Das Doppelbeben vom Juni 2026
Um die Mittagszeit des 24. Juni 2026 brach zunächst ein Beben der Momenten-Magnitude 7,2 unterhalb des Bundesstaats Yaracuy, mit einem Hypozentrum in rund 20 Kilometern Tiefe. Etwa 40 Sekunden später folgte ein zweites Beben der Magnitude 7,5, dessen Epizentrum weiter östlich vor der Küste von La Guaira lag. Beide Ereignisse gehen auf das Boconó-Verwerfungssystem zurück, die dominierende tektonische Struktur im Norden des Landes.
Die Auswirkungen waren verheerend. Nach offiziellen Angaben starben mindestens 5.546 Menschen, rund 16.840 wurden verletzt, und die Zahl der Vermissten wurde Ende Juli auf mehrere Zehntausend geschätzt. In La Guaira brachen nach Behördenangaben rund 80 Prozent der Gebäude zusammen. Die Auswertung von Copernicus-Satellitendaten wies 434 vollständig eingestürzte Gebäude nach, die wirtschaftlichen Verluste wurden auf etwa 6,7 Milliarden US-Dollar beziffert.
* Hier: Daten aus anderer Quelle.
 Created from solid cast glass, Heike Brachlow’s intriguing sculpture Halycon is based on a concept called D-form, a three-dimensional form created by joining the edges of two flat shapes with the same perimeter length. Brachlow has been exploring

Bis zum 28. Juni waren rund 1.600 ausländische Rettungskräfte im Land.
Kurz darauf verschärften starke Regenfälle die Lage: Überschwemmungen und Erdrutsche trafen genau die Regionen, in denen Hänge durch die Beben destabilisiert waren, und der Katastrophenschutz evakuierte gefährdete Viertel vorsorglich. Diese Verkettung ist typisch für Venezuela und der wichtigste Punkt, den du verstehen solltest: Beben lockern die Hänge, der Regen bringt sie zum Abgehen.
Warum Venezuela seismisch aktiv ist
Venezuela liegt an der Grenze zwischen Karibischer und Südamerikanischer Platte. Drei große Verwerfungssysteme durchziehen den bevölkerungsreichen Norden: Boconó in den Anden, San Sebastian entlang der zentralen Küste und El Pilar im Osten. Genau dort, entlang dieser Linien, liegen Caracas, Valencia, Maracay, Barquisimeto und die Küstenstädte.
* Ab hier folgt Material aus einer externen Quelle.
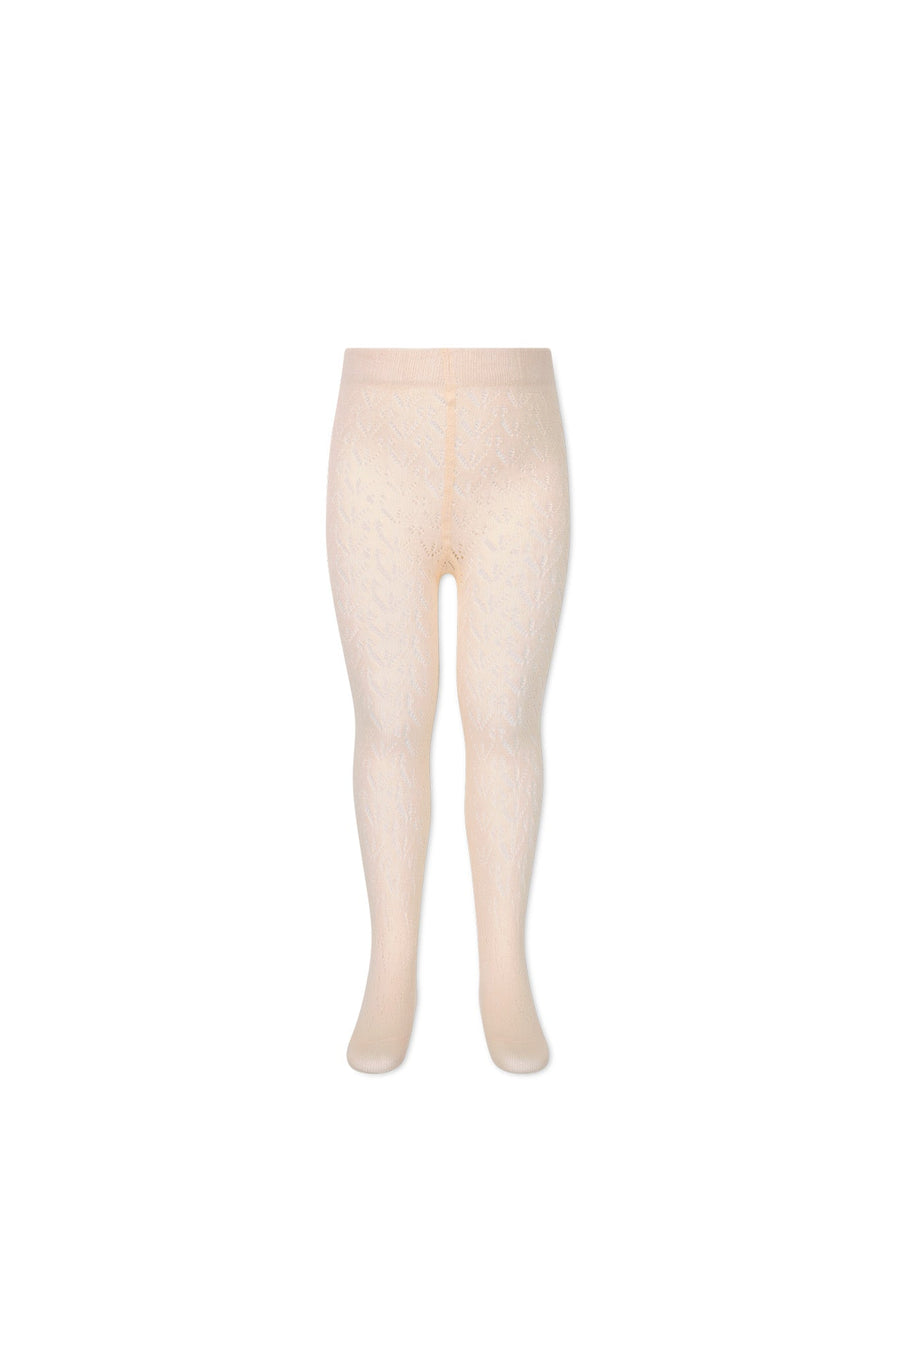 Lillian Tight - Boto Pink Childrens Tight from Jamie Kay USA

Bereits im September 2025 hatte ein Doppelbeben der Magnituden 6,2 und 6,3 den Westen erschüttert, mit mindestens einem Todesopfer, über 110 Verletzten und erheblichen Bauschäden in Zulia und Lara. Historisch bekannt ist das Beben von Caracas 1967 mit über 200 Toten. Wer die Gefährdung eines konkreten Ortes einschätzen will, findet die international vergleichbaren Grundlagen beim Earthquake Hazards Program des U.S. Geological Survey, das jedes relevante Ereignis mit Tiefe, Mechanismus und Schüttungskarte dokumentiert.
Erdrutsche und die Erinnerung an 1999
Die zweite große Gefahr sind Hangmuren. Die Kordillere der Küste steigt hinter La Guaira und Caracas steil auf über 2.000 Meter an, und die Hänge sind dicht besiedelt. Im Dezember 1999 lösten extreme Niederschläge im damaligen Bundesstaat Vargas, dem heutigen La Guaira, Schlammlawinen aus, die ganze Stadtteile auslöschten. Die Opferzahlen werden bis heute nur in Größenordnungen angegeben und liegen im fünfstelligen Bereich.
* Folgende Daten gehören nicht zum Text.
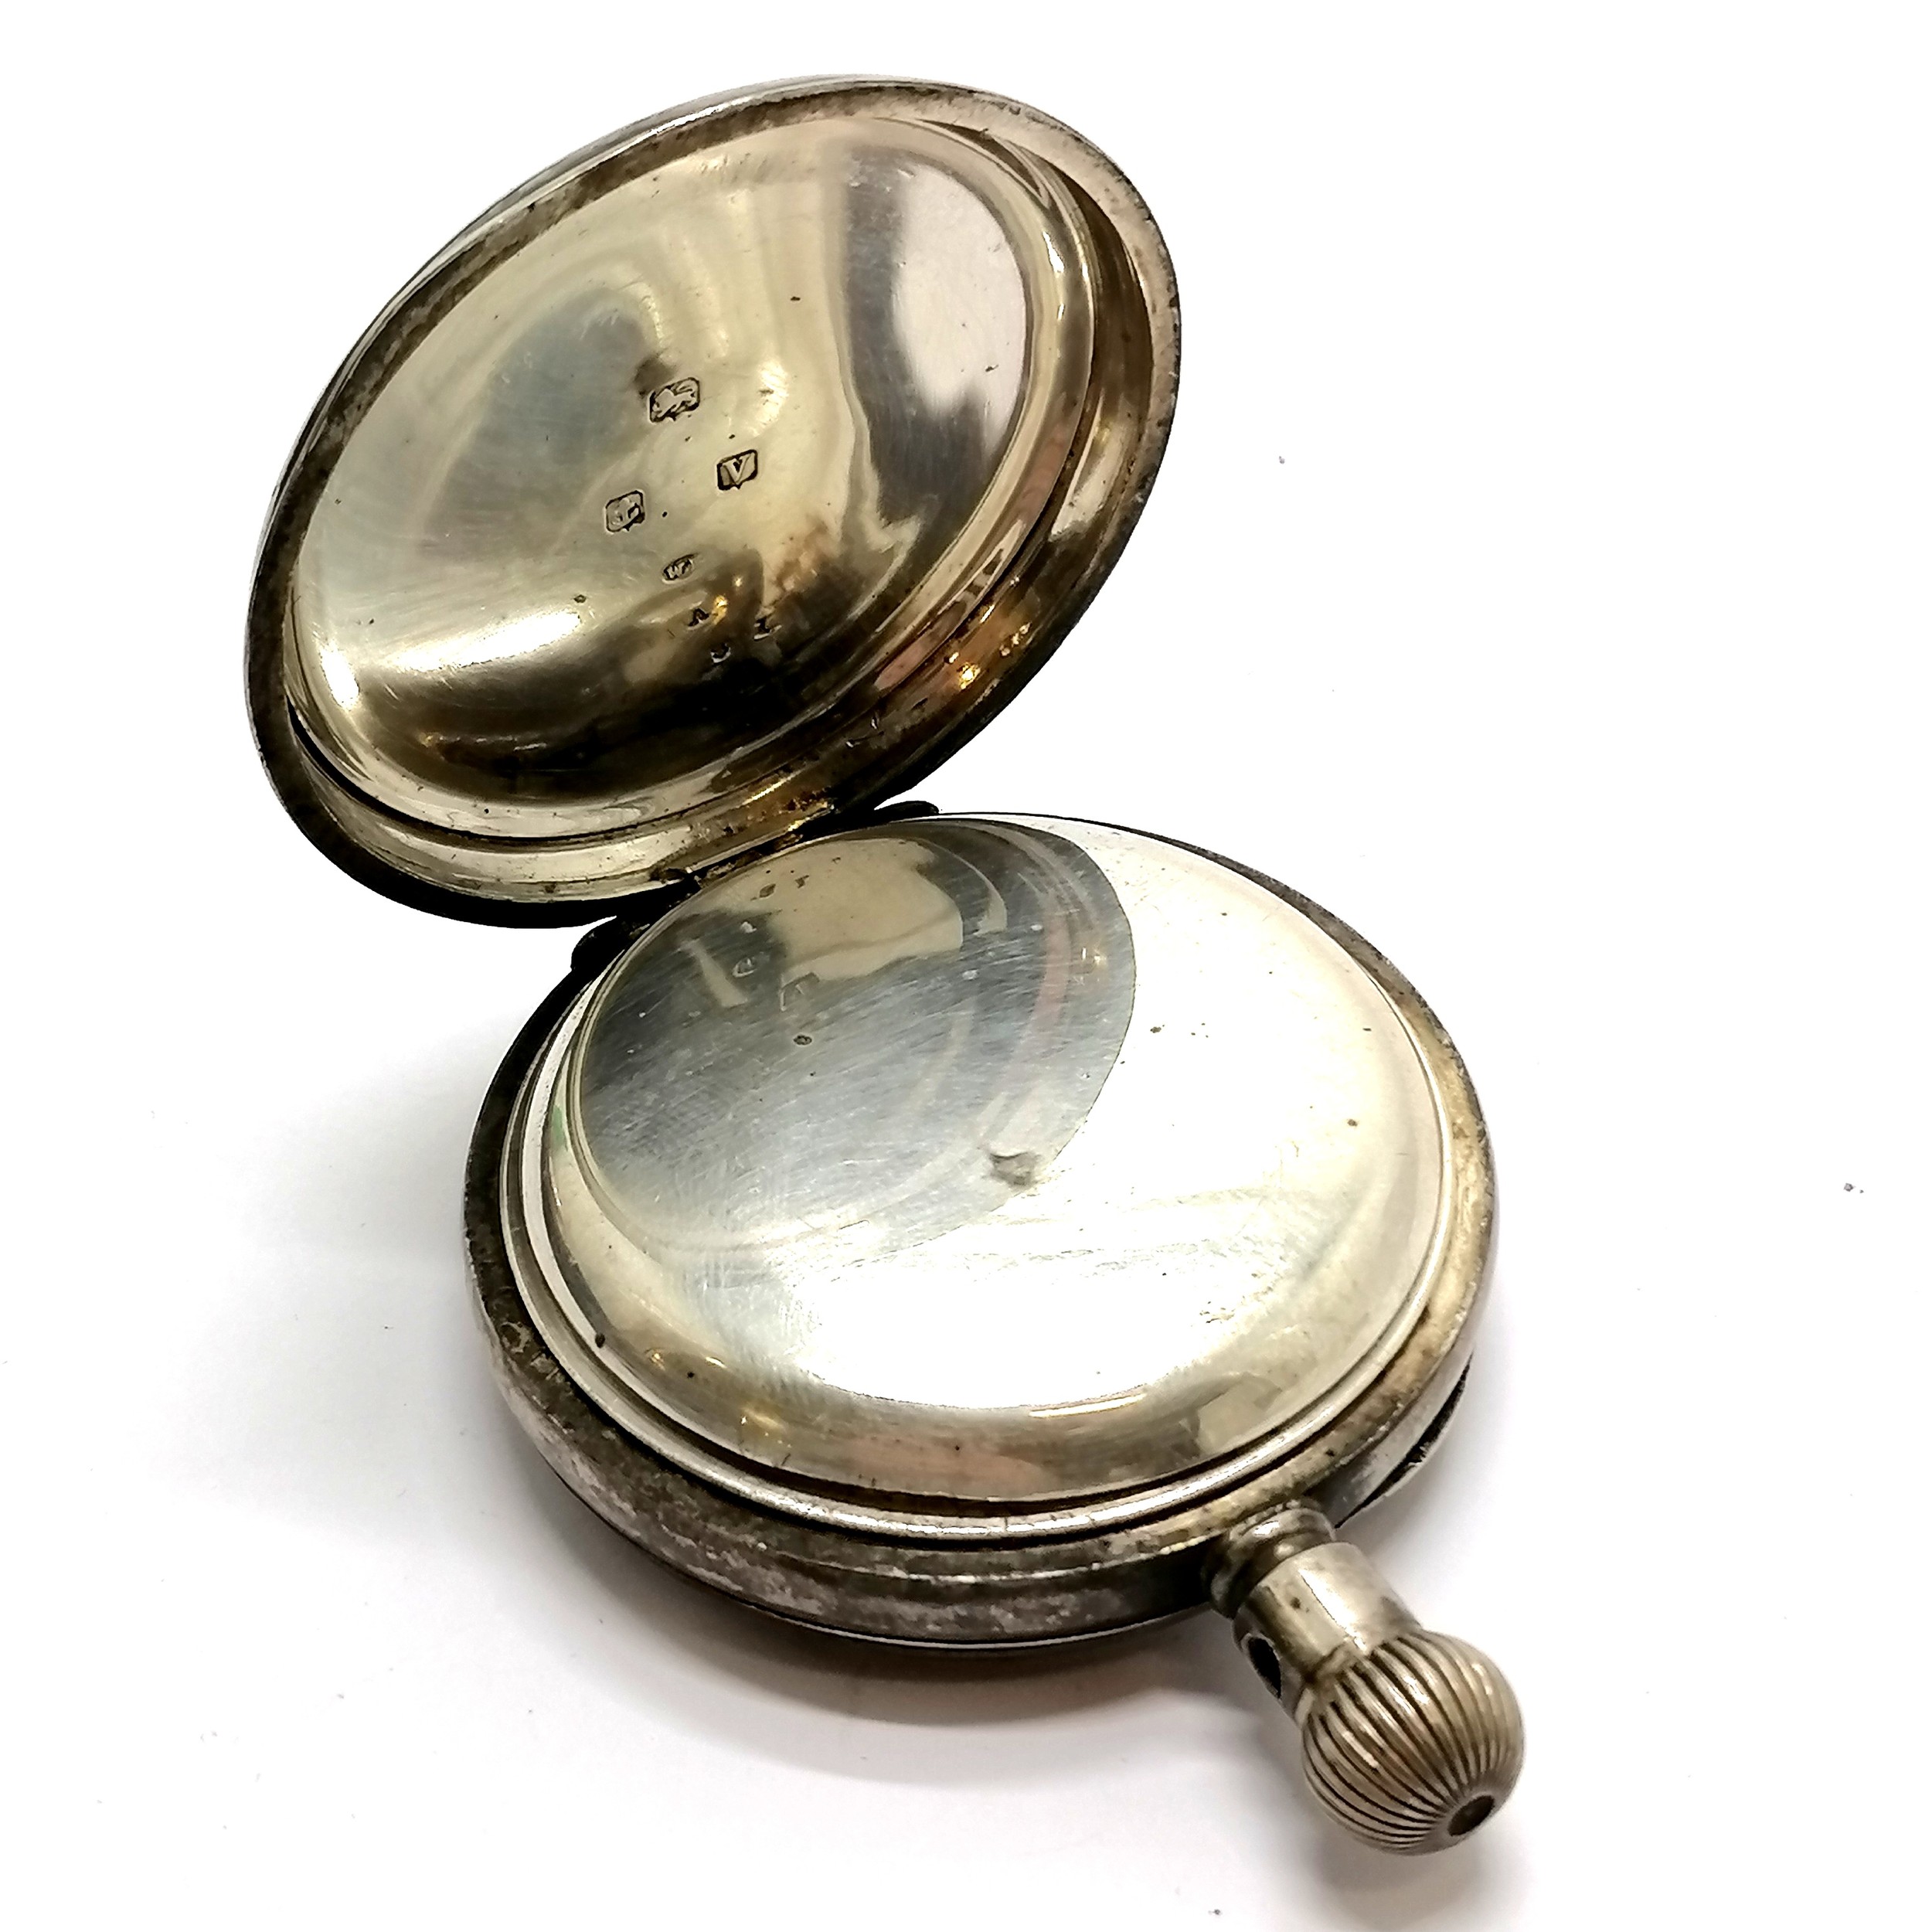 Antique Elgin silver cased large pocket watch - 5.4cm diameter & 154g total weight ~ lacks glass, - Image 2 of 3

Die Ursachen von damals bestehen fort: Bebauung in Bachbetten und an Steilhängen, fehlende Entwässerung, mangelnde Hangsicherung. Wer in Venezuela eine Wohnung wählt, sollte den Verlauf des nächsten Bachbetts kennen und wissen, ob das Gebäude oberhalb oder unterhalb davon steht. Diese eine Frage entscheidet bei Muren über Leben und Tod.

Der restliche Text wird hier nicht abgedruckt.